A very interesting article analyzes some of the factors dragging down traditional retail businesses, and the cities and parts of cities that depend on them.

Though it is human nature to look for the simplest explanation, in truth, the confluence of a half-dozen unrelated developments is responsible for weak retail sales.

Americans’ consumption needs and preferences have changed significantly. Ten years ago we spent a pittance on mobile phones. Today Apple sells roughly $100 billion worth of “i-goods” in the U.S., and about two-thirds of those sales are iPhones. Apple’s U.S. market share is about 44%, thus the total smart mobile-phone market in the U.S. is $150 billion a year. Add spending on smartphone accessories (cases, cables, screen protectors, etc.) and we are probably looking at $200 billion total spending annually on smartphones and accessories.

. . .

Between smartphones and their services, $340 billion will not be spent on T-shirts and shoes.

But we are not done. The combination of mid-single-digit health-care inflation and the proliferation of high-deductible plans has increased consumer direct health-care costs and further chipped away at discretionary dollars. Health-care spending in the U.S. is $3.3 trillion, and even a 3% rise in costs would be close to $100 billion.

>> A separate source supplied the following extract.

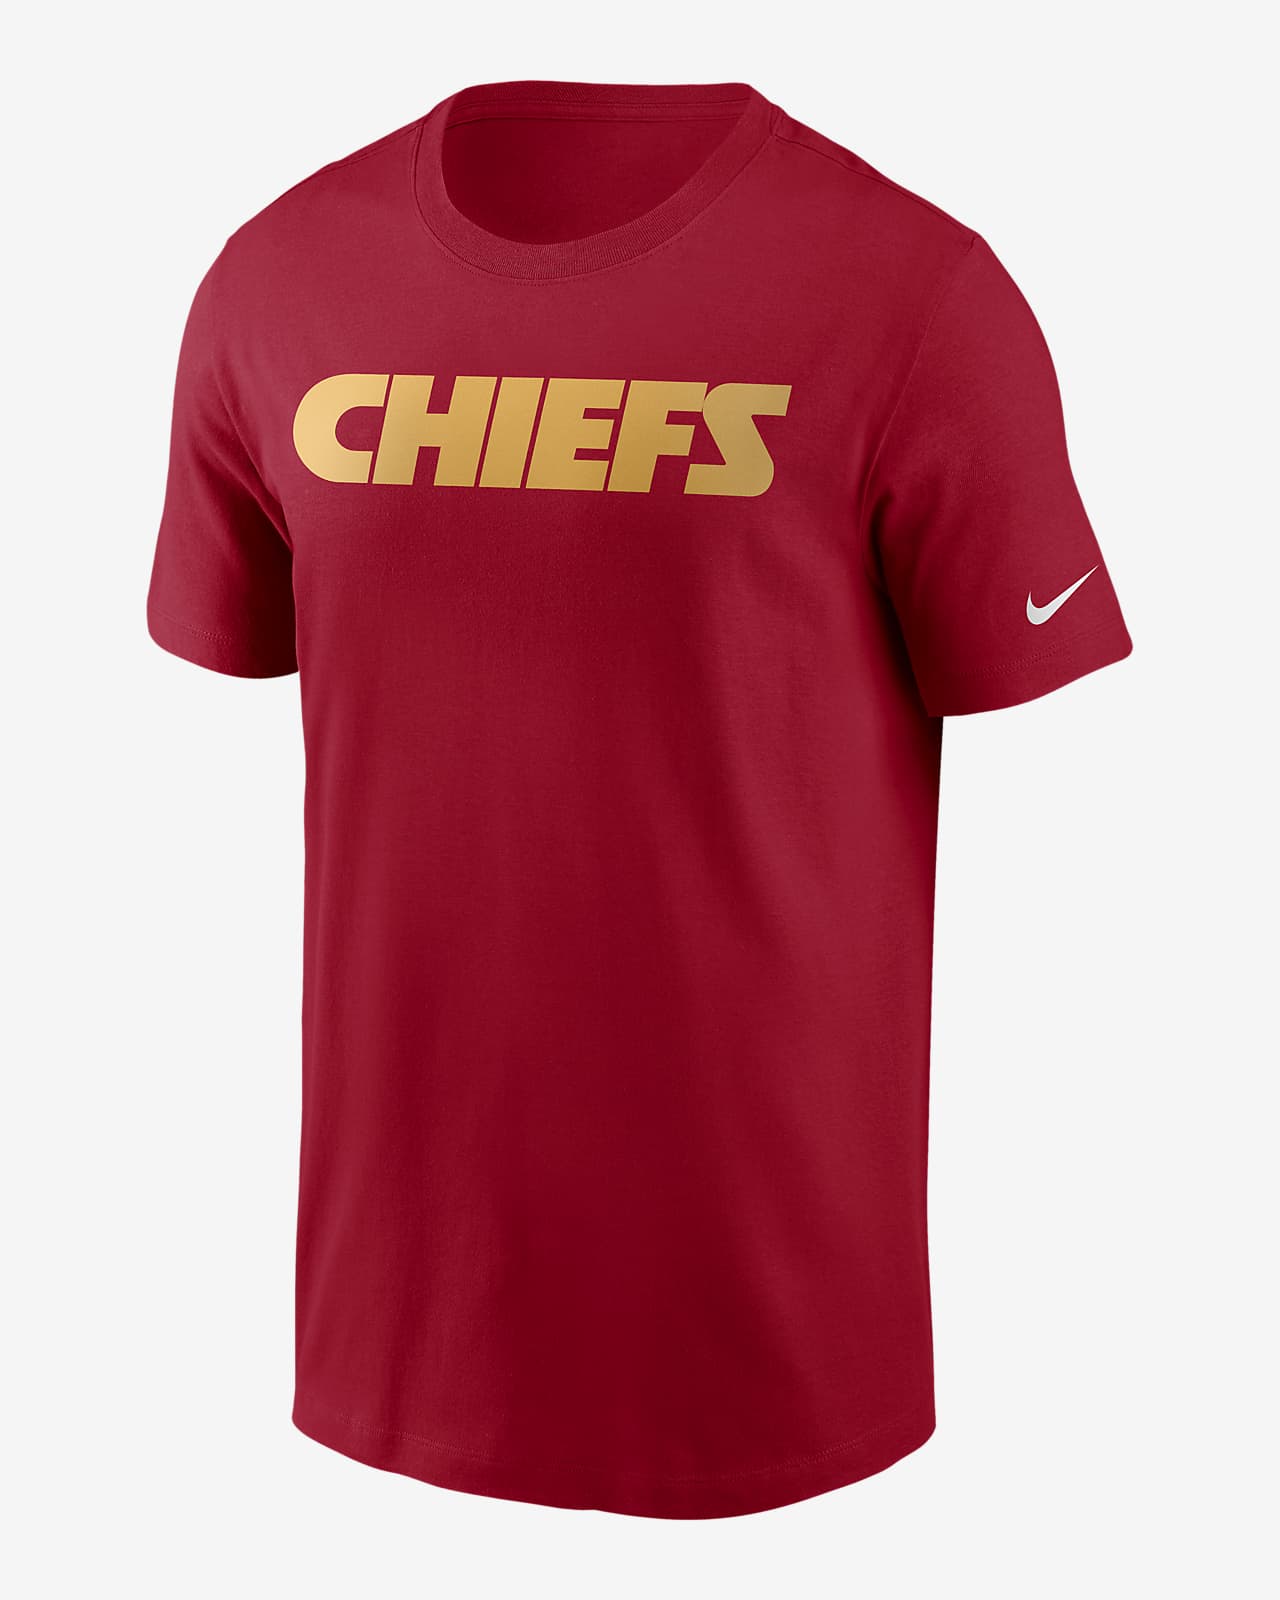 nfl chiefs shirts

Then there are soft, hard-to-quantify factors. Millennials and millennial-want-to-be generations don’t really care about clothes as much as we may have 10 years ago ... Consumer habits have slowly changed, and we now put less value on clothes (and thus spend less money on them) and more value on having the latest iThing.

All this brings us to a hard and sad reality: The U.S. is over-retailed. We simply have too many stores. Americans have four- or five times more square-footage per capita than other developed countries. This bloated square footage was created for a different consumer, the one who in in the ‘90s and ‘00s was borrowing money against her house and spending it at her local shopping mall.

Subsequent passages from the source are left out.